1) Facebook est une sorte de paratonnerre qui attire à lui les fonctions de surveillance autrefois dévolues aux voisins malveillants et jaloux, aux flics ou aux indics, taupes et autres mouchards. Facebook vous surveille et, surtout, vous comptabilise, mais sans vous emmerder puisqu’il suffit, si on ne veut pas qu’il le fasse, de ne pas s’y inscrire. L’œil de Sauron, à défaut de celui de Moscou, est tellement fixé sur lui qu’il ne voit plus rien d’autre. Il n’a même plus besoin de vous chercher puisque vous vous placez de vous-mêmes sous son bienveillant regard.

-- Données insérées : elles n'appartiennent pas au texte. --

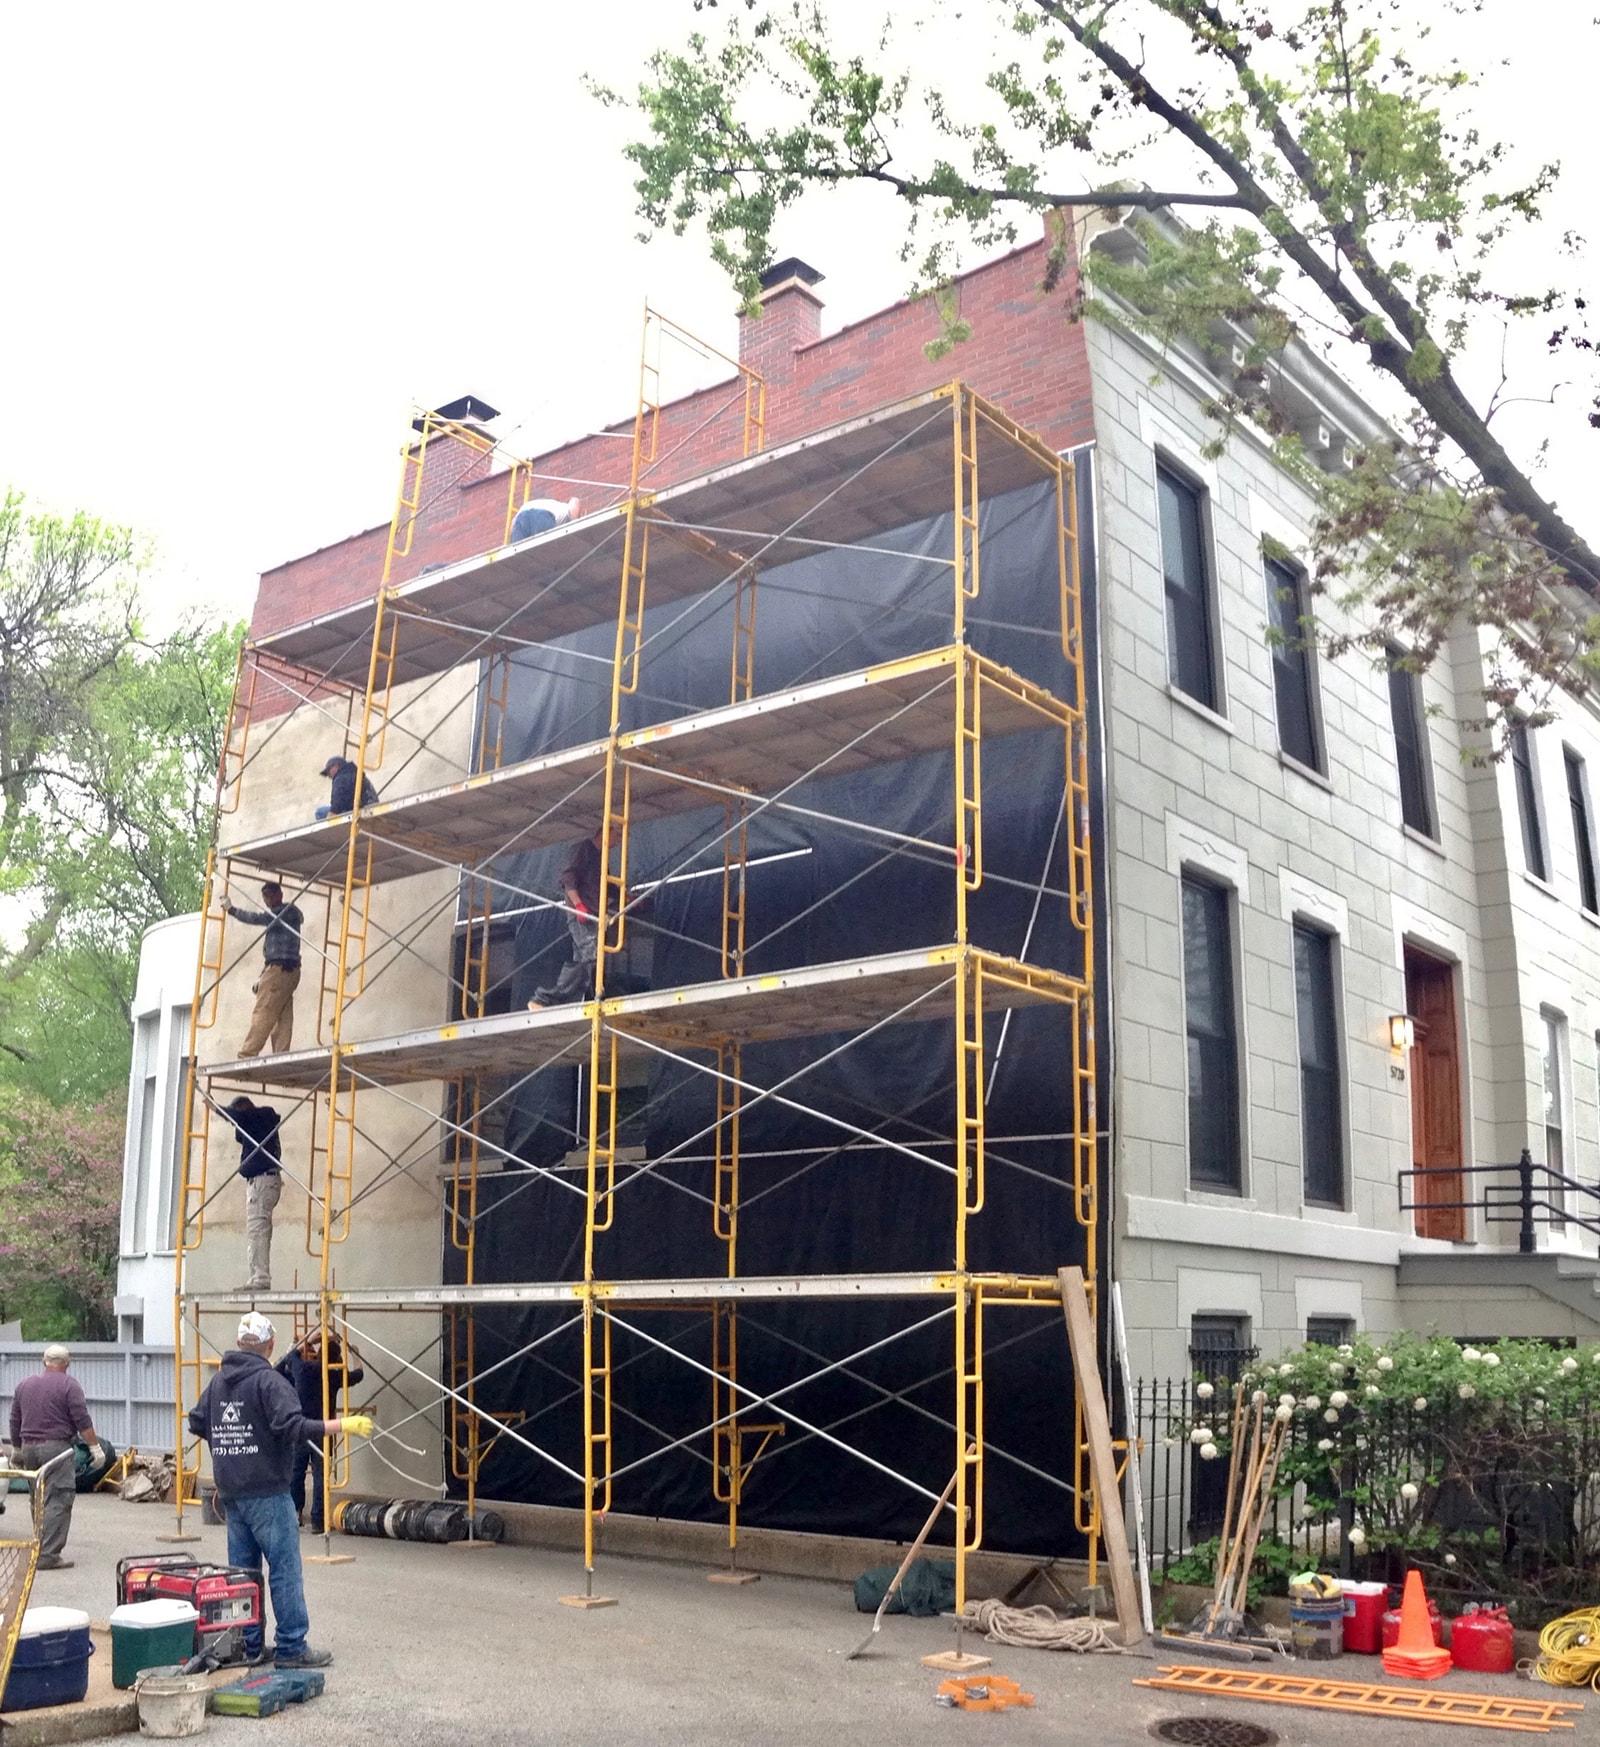 Workers installing vinyl tarpaulins on wall of masonry building

2) Facebook est aussi une sorte de purificateur d’air. Il nettoie votre atmosphère, retient la médiocrité, l’amalgame et la précipite (au sens chimique du mot), ce qui fait que votre blogue, votre ligne téléphonique ou votre service de messagerie électronique ne sont plus engorgés par les messages creux de vos faux amis (Yé! Wow! Berk! et autres billes de clown…). Facebook draine et avale sans discrimination les commentaires stupides, les pensées vides, les exclamations de néant, les carrés blancs sur fond blanc. Les imbéciles s’y jettent comme mouches sur papier collant. Résultat, il ne reste dans votre entourage que ce qui en vaut la peine : des amis pourvus d’un épiderme (ceux qui savent jouir comprendront…).